La aldea colonial se estremecía con un escándalo. María de Todos los Santos Sánchez, muchacha de 14 años que la historia conocería como Mariquita, se había negado a casarse con Diego del Arco, un distinguido caballero español mucho mayor que ella, riquísimo comerciante criollo, el hombre que su padre designó para ella. Estaba todo listo para la ceremonia: todo menos la novia. Ni los gritos ni las amenazas consiguieron que la chica dijera el “sí” y el novio tuvo que salir de la casa tan soltero como había entrado. Poco después Mariquita también salió como había entrado del convento donde había sido internada en castigo: salió resuelta a no dar el brazo a torcer y a casarse con su amor, su primo segundo, Martín Jacobo Thompson. Empecinada, se presentó al virrey Sobremonte para que dejase sin efecto los arreglos que había hecho la madre -el padre ya había muerto- para casarla con Diego del Arco. Cerca de un año después de iniciado el juicio, los enamorados obtuvieron la autorización y la boda se realizó el 29 de julio de 1805. Mariquita abrazó con fervor la causa de la libertad y colaboró con todas las empresas patrióticas de la Revolución de Mayo. Su casa de la calle Umquera, más conocida por todos como “del Empedrado” o “del Correo” (actualmente calle Florida al 200) acogió a las personalidades de su época, atraídas por la hospitalidad graciosa y espiritual de la dueña. Los problemas más delicados eran debatidos allí, lo mismo que los temas literarios. Una mujer reconocida, María Guadalupe Cuenca, la esposa de Moreno, mientras él estaba en el exterior, le enviaba cartas con información sobre lo que pasaba en Buenos Aires.
Además, solía discutir de estrategia con su marido y juntaba dinero para entregarlo a la causa.
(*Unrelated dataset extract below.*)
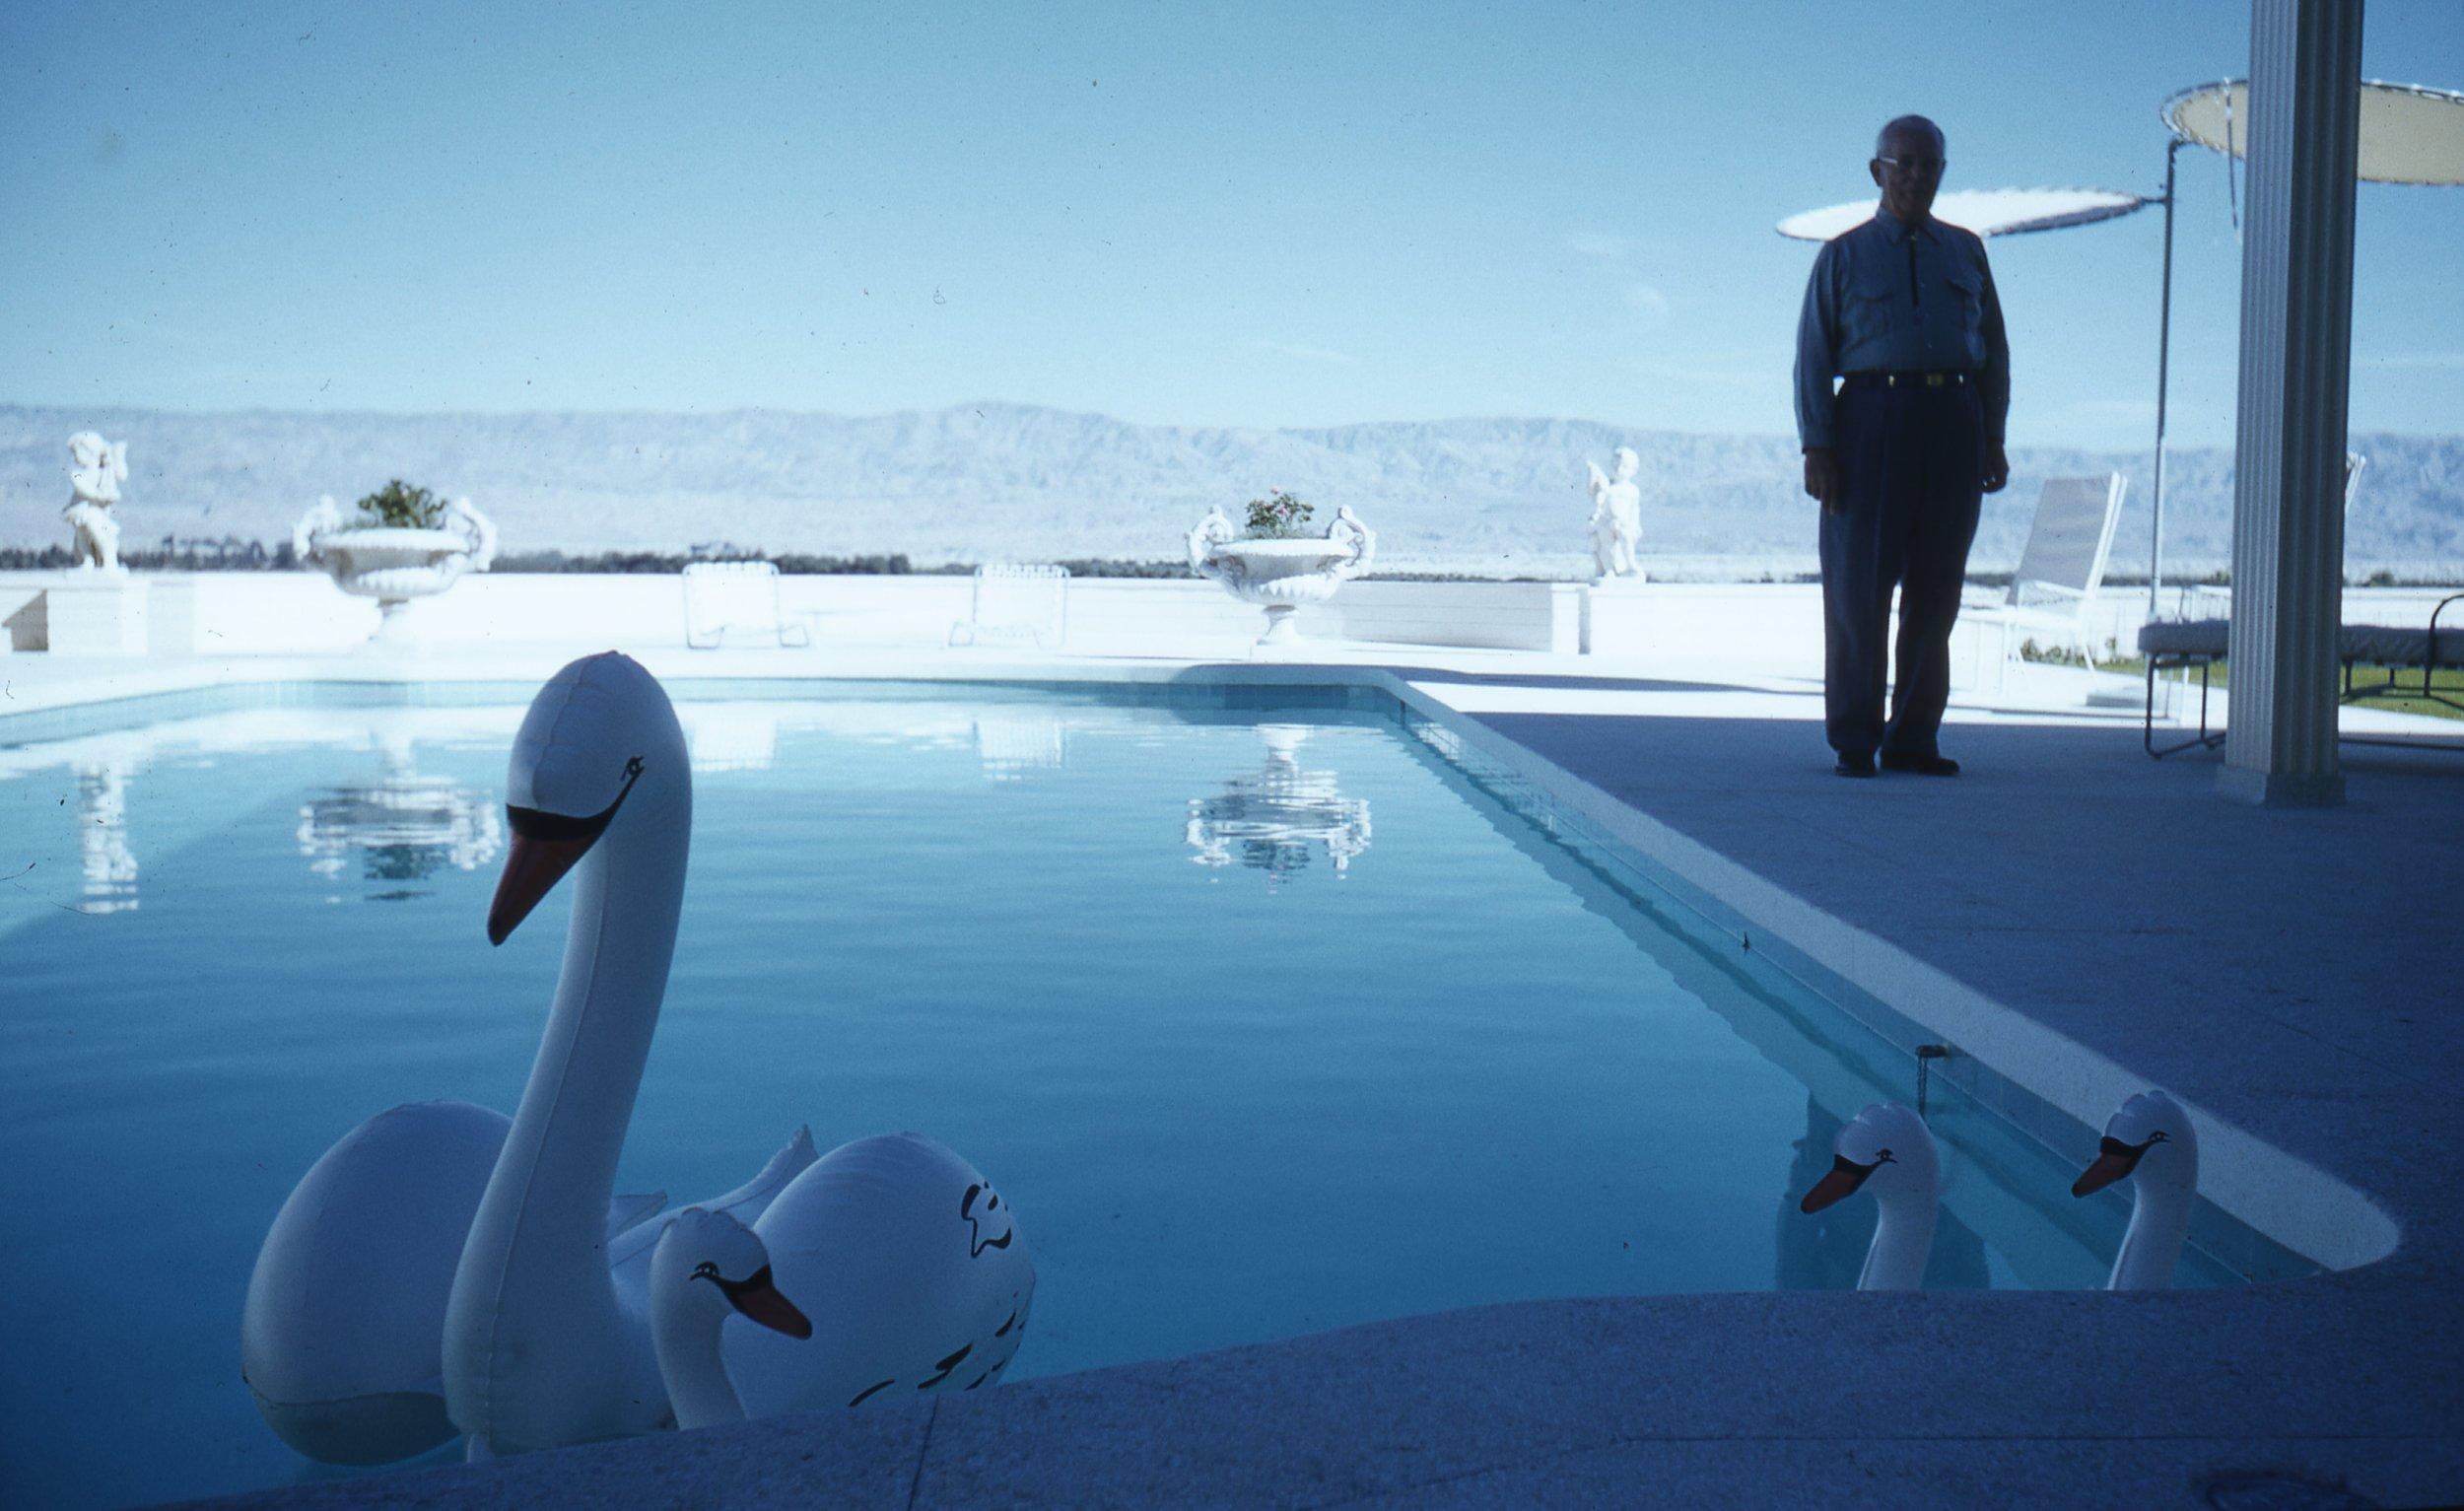 Robert Doisneau: Through the Lens - Read more

En las Invasiones, las ollas de agua arrojadas por mujeres desde las terrazas son más conocidas que algunas actuaciones individuales. Manuela Pedraza, una humilde soldada tucumana, apodada la tucumanesa. En agosto de 1806, combatió duramente a los invasores ingleses, acompañando a su esposo. Él murió en la pelea y ella tomó su fusil y dio muerte al inglés que lo mató. Luego le arrancó el fusil, que presentó, después, como trofeo a Liniers. Por esta acción se le otorga el grado de subteniente de infantería. De Manuela Pedraza poco se sabe, ni siquiera sus fechas de nacimiento y muerte, pero sí que cayó en la miseria y arrendaba una modesta pieza y que, por falta de pago, le iniciaron, en dos oportunidades, juicio por desalojo. Otra mujer que participó durante las invasiones inglesas, fue Martina Céspedes. Era viuda, tenía 45 años y tres hijas. Vivian en el barrio alto, San Telmo.  Allí atendían una pequeña pulpería. Martina usó la estrategia de hacer pasar uno en uno a los ingleses, les ofrecía aguardiente hasta dejarlos ebrios y luego los tomaba prisioneros. En premio, Liniers la nombró sargento mayor. Detalle romántico: ella entregó sólo once prisioneros. El restante se terminó casando con Josefa, una de las hijas. Casilda Igarzábal de Rodríguez Peña, entre 1804 y 1810 reunió una de las primeras sociedades secretas de la emancipación americana, el llamado Partido de la Independencia. Este último integrado por Juan José Castelli, Nicolás y Saturnino Rodríguez Peña, Manuel Belgrano, Juan José Paso y Martín Rodríguez. Cornelio Saavedra dudaba en ponerse al frente del movimiento para derrocar a Cisneros.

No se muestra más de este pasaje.